ワイこと中村源氏(25)、某有名大学の文学部を首席で卒業した天才作家やで。自分で言うのもなんやけど、紫式部なんかよりよっぽど文才あるんや。

ある日、担当編集の田中さんから電話があってん。

「中村くん、次の企画どうする?」

ワイは即答したで。

「現代版源氏物語や!でも今回は全員イケメンにするで!」

田中さん、最初は困惑しとったけど、ワイの熱弁に負けて了承してくれたんや。

そして、ワイは筆を走らせ始めたんや。

主人公は、超イケメンで頭脳明晰、スポーツ万能の中村光源氏(もちろんワイがモデルや)。
父親は元首相、母親は元ミス・ユニバースっちゅう設定や。

光源氏の幼馴染で、クールビューティな高倉ふじお(藤壺のモデル)。
天真爛漫でポップな雨月ゆうき(空蝉)。
知的で大人っぽい桐谷むらさき(紫の上)。

こいつらを中心に、様々なイケメンキャラを登場させて、恋愛模様を描いていったんや。

ワイの小説は瞬く間に大ベストセラーになってもうた。
「イケメンしかおらん源氏物語」
「平安時代をバベルのようなイケメンタワーに変えた衝撃作」
「源氏物語がBLになった!?」
なんて評されて、めっちゃ話題になってん。

そんな絶好調のワイに、ある日突然アニメ化の話が舞い込んできたんや。

「やったで!これで天下取ったも同然や!」

ワイは意気揚々とアニメ制作会社に乗り込んでいったんや。

しかし、そこで衝撃の事実が発覚してもうた。

なんと、ワイの小説の登場人物を演じる声優が、全員美少女やったんや!

「ちょ、ちょっと待って!これイケメンキャラやで!?なんで女の子が演じとんねん!」

プロデューサーは涼しい顔で答えよった。

「いやいや、中村先生。美少女声優がイケメン演じる方が、今どきウケるんすよ」

ワイ、その場で気絶しかけたで。

でも、そこからが本番やった。

アニメが始まると、予想以上の大ヒットになってもうたんや。

「美少女声優がイケメン演じるとか斬新すぎ!」
「中村光源氏の声可愛すぎぃ!」
「これもう半分女体化源氏物語やろ」

視聴者の反応は上々で、グッズは飛ぶように売れていったんや。

ワイの銀行口座には、どんどん印税が振り込まれていく。

そんなある日、ワイは秋葉原を歩いとったんや。すると、そこでとんでもないものを目にしてもうた。

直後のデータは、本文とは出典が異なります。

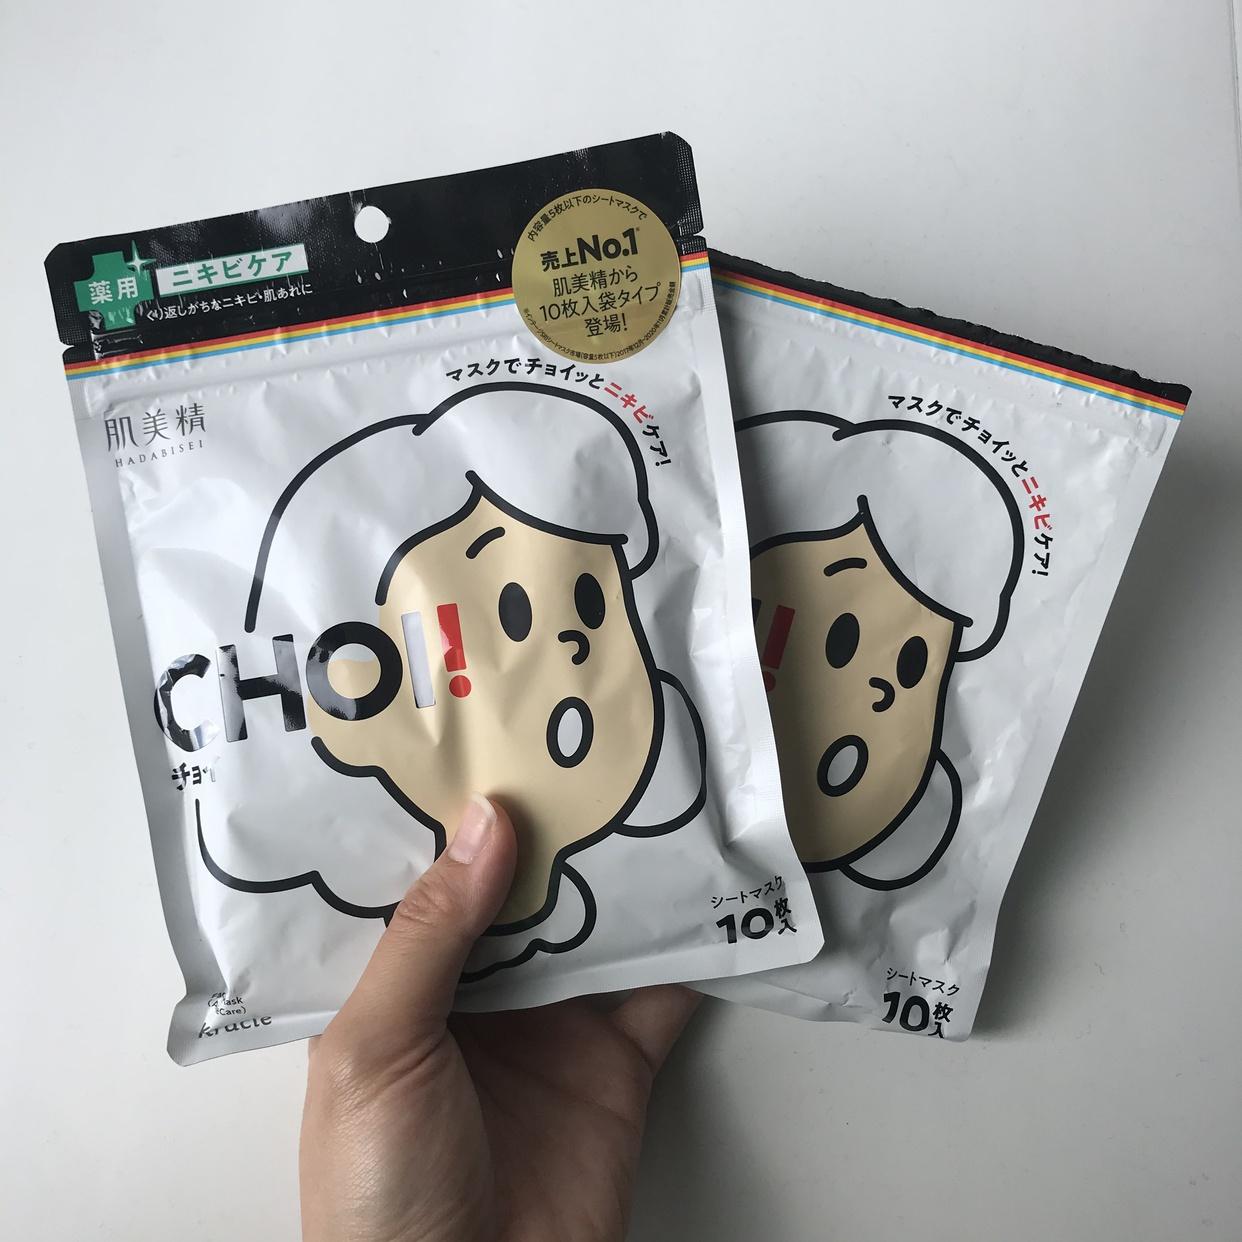 肌美精(HADABISEI) CHOIマスク 薬用ニキビケアを使ったじょんまなさんのクチコミ画像1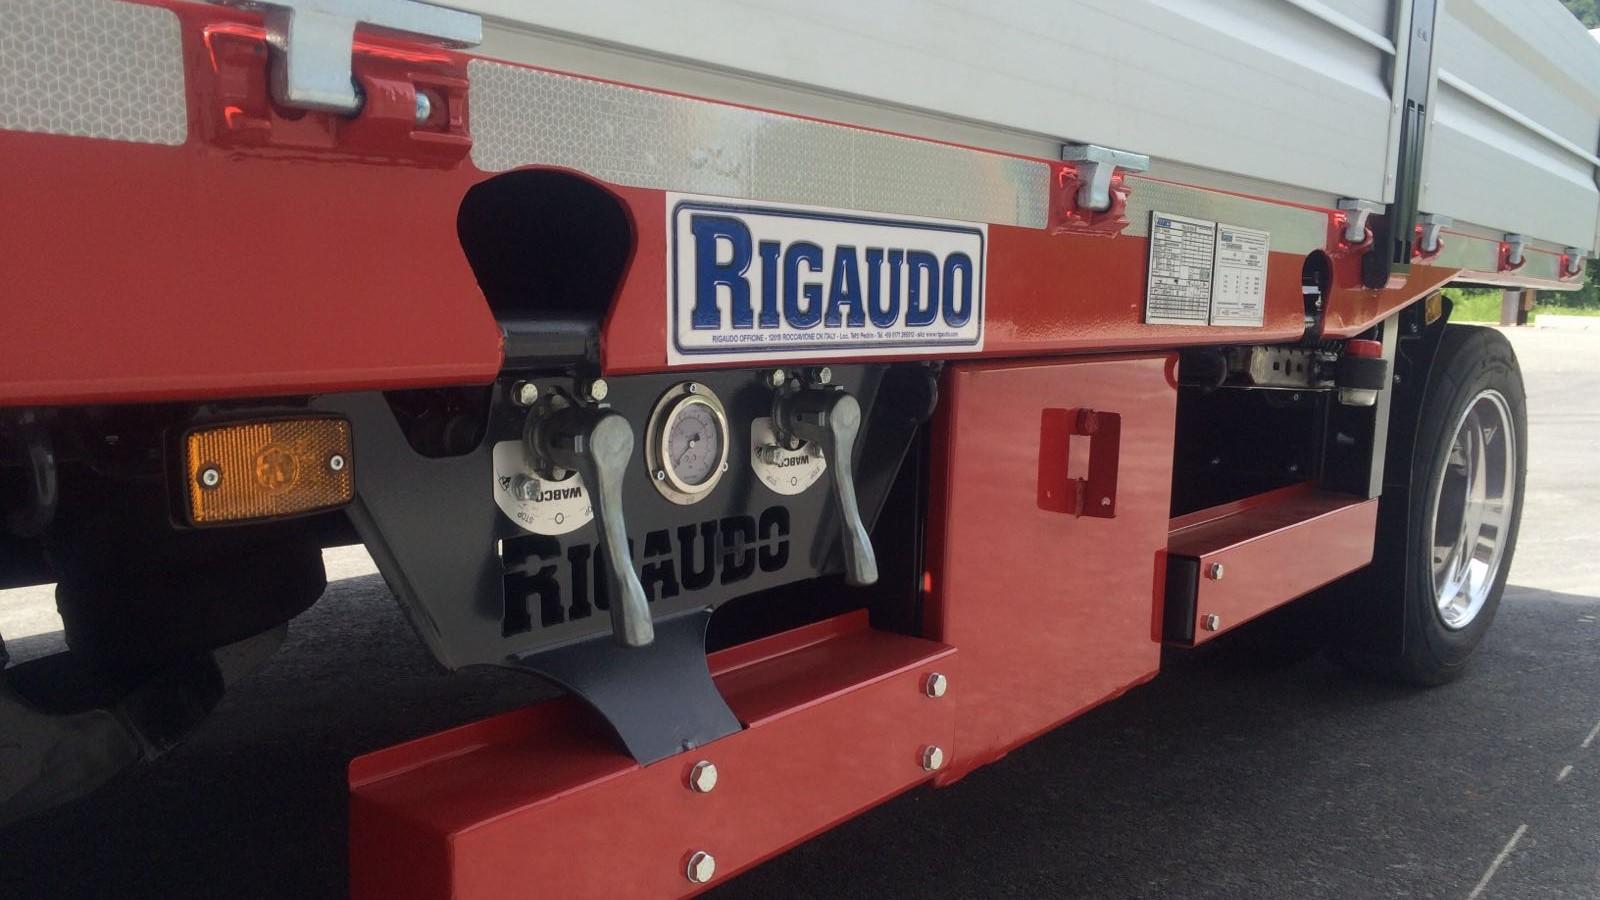 I dettagli sviluppati da Rigaudo risolvono problematiche specifiche

ワイの小説のコスプレをした美少女たちが、大勢おるやないか!

「うわ...ワイの小説こんなことになっとったんか...」

ワイはショックで座り込んでしまいそうになったんや。

そんなワイを、通りがかりの美少女コスプレイヤーが声をかけてきてん。

「あの...もしかして中村先生ですか?」

ワイが頷くと、その子は目を輝かせて言うたんや。

「わー!大ファンです!先生の小説読んで、文学に興味持ちました!今、大学で平安文学勉強してるんです!」

その言葉を聞いて、ワイはハッとしたんや。

そうや、ワイがやりたかったんは、源氏物語を現代に蘇らせることやったんや。イケメンだけの世界を作ることやのうて。

ワイは決意したんや。次は、本気の現代版源氏物語を書こうって。

今じゃワイ、本格的な現代版源氏物語に取り組んどる。もちろんイケメンもおるけど、様々な人間模様を描いとるんや。

そして、あの美少女コスプレイヤーとは親友になって、時々平安文学について語り合っとるで。

ワイの人生、まんま源氏物語やったわ。

イケメンだけの世界を作ろうとして、結局は美少女だらけの世界を作ってしもうた。
でも、そのおかげで多くの人に源氏物語の魅力を知ってもらえたんや。

紫式部はんも、天国で笑っとるかもしれんな。

「こら中村!わしの源氏物語を何じゃと思っとるんじゃ!...でもまあ、ようやったぞ」なんてな。

ほんま、人生何があるかわからんで。
なんJのみんなも、自分の才能信じて頑張るんやで!
...まあ、ワイみたいにイケメン小説が美少女だらけになるっちゅう珍事は、めったにないと思うけどな!ガハハ!